In each case, Republicans cited disappointment with the nominees’ performance in office leading up to their confirmation votes. And in each case, Democrats cited statements of support for the nominees from the economic sectors they were overseeing, and said the rejections were just a way to essentially poke governors from a different party with a sharp political stick.

Varied approaches in MidwestExamples of methods used to choose top state administrative officials

Though gubernatorial appointment/senate confirmation is the most common way that top administrative officials secure their positions, The Council of State Governments’ “Book of the States” (CSG’s annual “encyclopedia of state government”) details myriad methods used by states.

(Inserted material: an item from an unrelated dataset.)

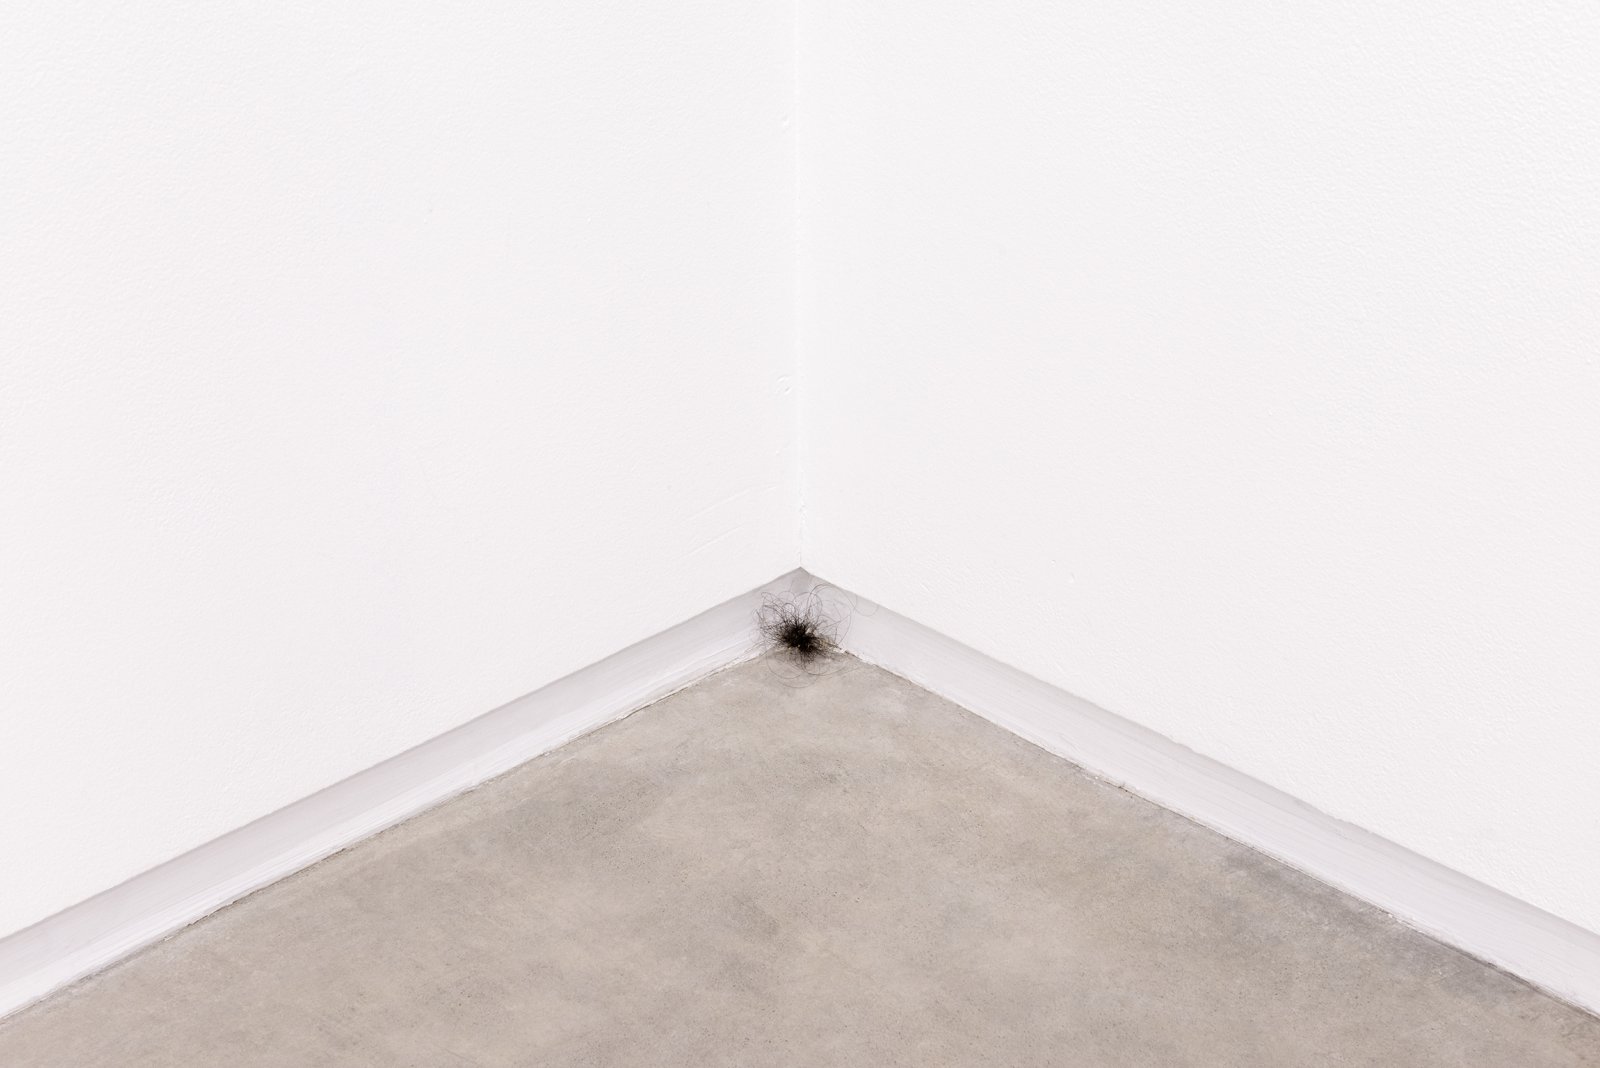 ​Duane Linklater, installation view, But the sun is up and you're going?, Catriona Jeffries, 2014​ by Duane Linklater
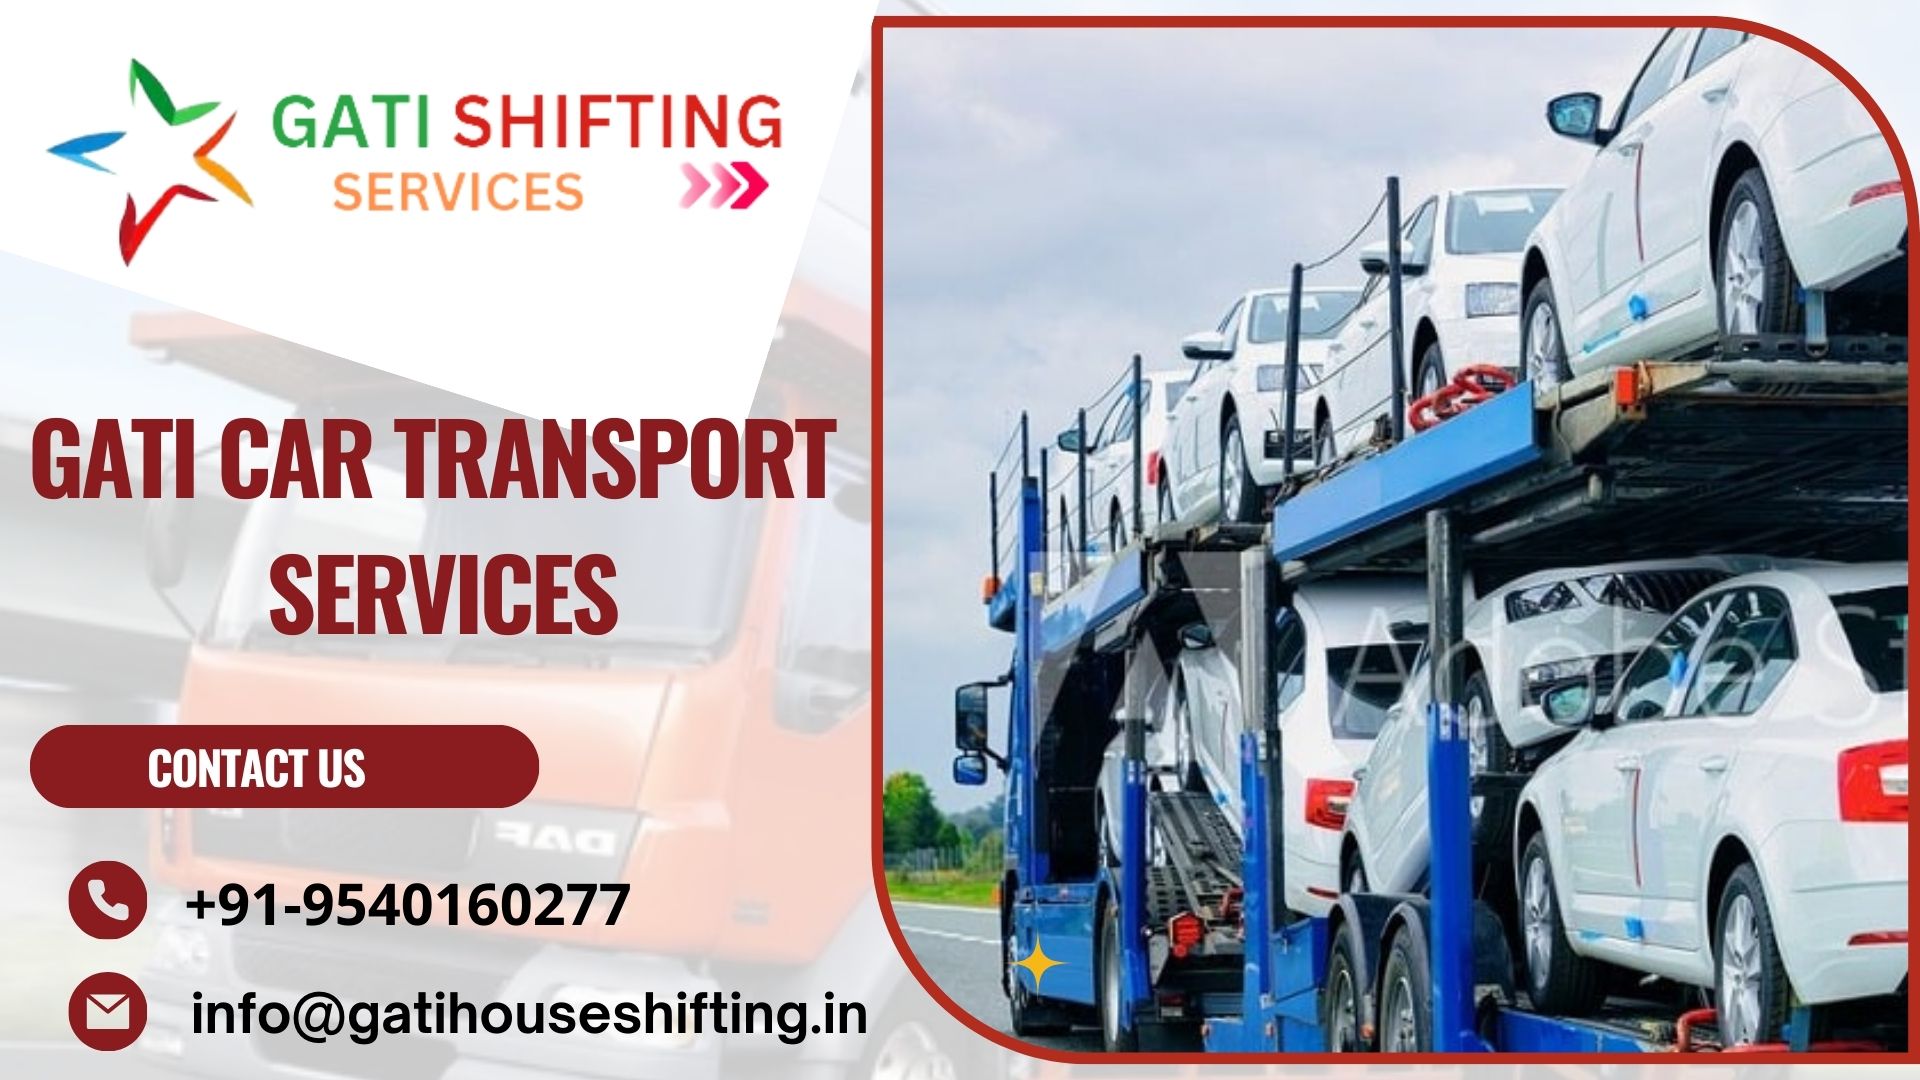 Car transport services in Pune

For example:

  • In Indiana, the governor does not need the consent of the legislative branch. The same is true in North Dakota, with the exception of the state’s Department of Financial Institutions commissioner, who must be confirmed by the Senate.
  • Under the North Dakota and Iowa constitutions, the states’ top agriculture officials are chosen by voters. Likewise, education commissioners are popularly elected in Indiana, North Dakota and Wisconsin.

Other methods of appointment include selection by an independent state board or commission (for example, state boards of education) and elections by the full legislature or a legislative committee.

Compared to the federal model, too, some Midwestern state constitutions provide more-detailed procedures regarding the confirmation process.

The Illinois Constitution gives the Senate 60 days to act on a nomination; if it fails to do so, confirmation is presumed given. It also bars rejected nominees from being appointed or renominated to the same post during the same session “except at the Senate’s request.”

The North Dakota Legislative Assembly meets only every other year, and that state’s Constitution allows the governor to make temporary appointments to vacancies occurring while the Senate is recessed or adjourned but requires a nomination “when the Senate reconvenes.”

As in Illinois, rejected nominees in North Dakota can’t be renominated or appointed for the same office in the same session, or during a Senate recess or adjournment, “except on request of the Senate.”

Ohio’s Constitution goes into the greatest procedural detail: appointments must be acted upon during the General Assembly’s current session, unless that session adjourns sine die within 10 days after the submissions without acting on them, or if they’re made after the Senate has adjourned sine die. In the former case, the appointments “may be acted upon at the next session of the General Assembly”; in the latter, “it shall be submitted to the Senate during the next session of the General Assembly.”

Ohio’s Constitution also considers consent as given if the Senate fails to “act by roll call” within a specified period.

Capital Closeup is an ongoing series of articles focusing on institutional issues in state governments and legislatures.